In each receiver, water is used to cool the photovoltaics. It is pumped up the tower, through the back of the modules and back down to the base, where a heat exchanger transfers the thermal energy to a secondary system. The re-cooled water in the initial circuit can then be pumped back up the tower to be reused.
The secondary system flows to the hot reservoir, which at Carwarp is a 17,000 m3 pit containing 90 °C water. The pit is lined with a polymer, insulated and sealed, which means that – thanks also to the very low surface to volume ratio – very little energy is lost. “If you think of it like a battery, the self-discharge is lower than a fraction of a per cent over several weeks,” says Lasich.

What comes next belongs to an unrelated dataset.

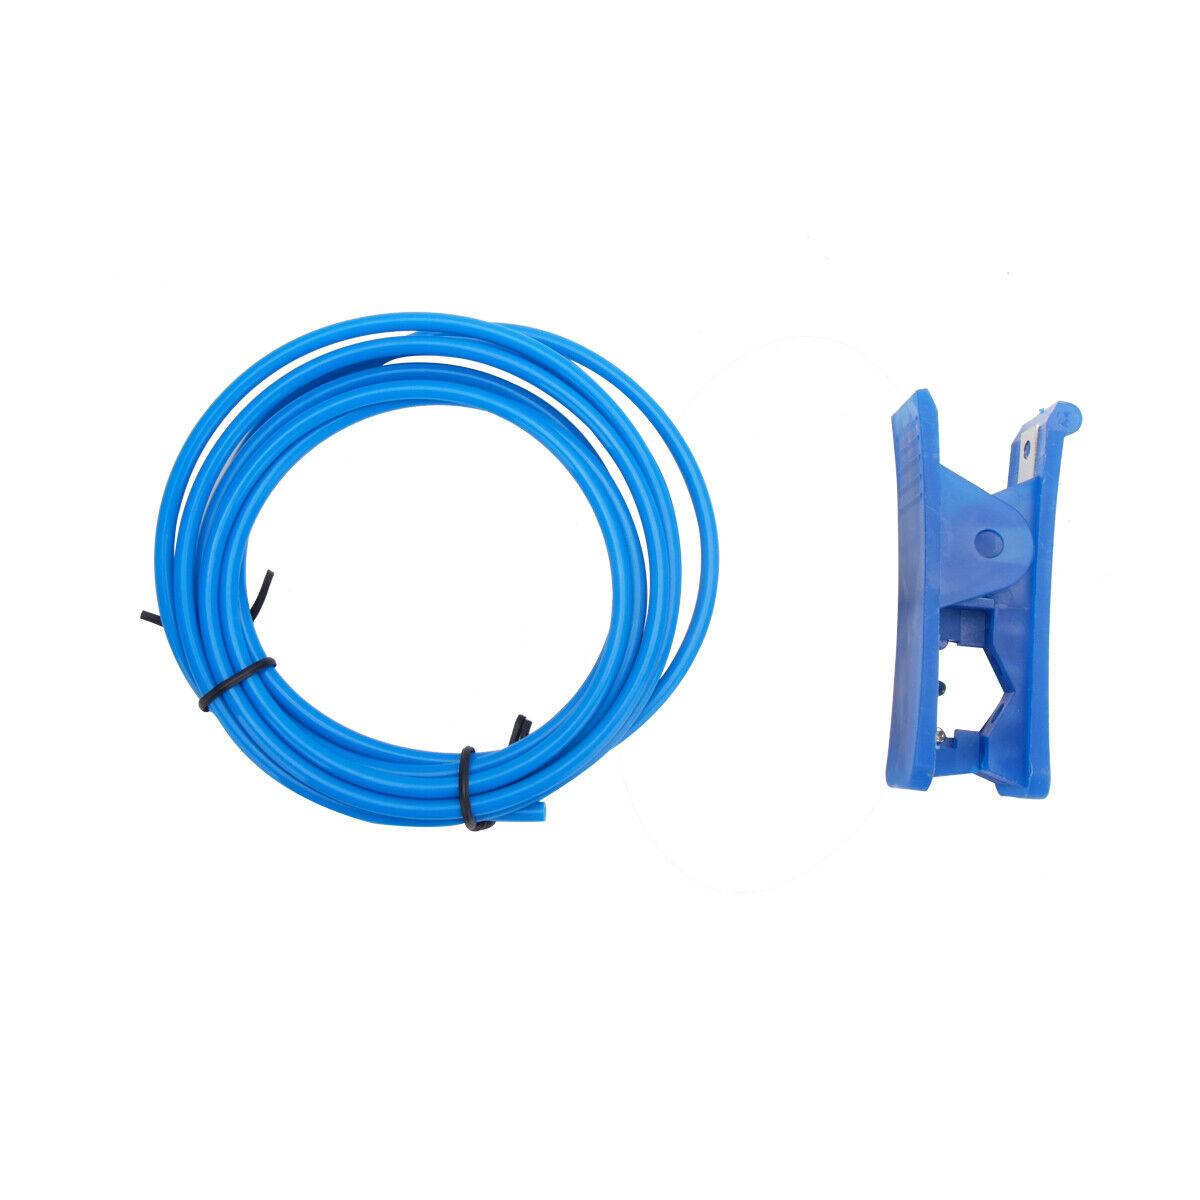 Capricorn-clon ID 1.9mm para 1.75mm azul 1 metros Bowden ptfe-Tube//manguera

When the grid needs energy and the Sun isn’t shining, heat from this pit drives an ORC turbine. As ammonia is the working fluid in this closed-loop system, it has to be cooled and re-condensed after passing through the turbine, which is done with a second 17,000 m3 pit, held at a lower temperature. In hot, sunny places, such as the outskirts of Carwarp, this pit would heat up to 40 °C or more if not manually cooled. As this is only 50 °C less than the hotter pit, the efficiency of electrical generation from the ORC turbine would be no more than about 5%. So to increase that to 12–15%, RayGen cools the cold-water pit to near freezing using an industrial chiller, creating a temperature difference of around 90 °C between the two massive bodies of water. “That’s equivalent to a hydro set-up with two dams with a head of 1000 m,” says Lasich.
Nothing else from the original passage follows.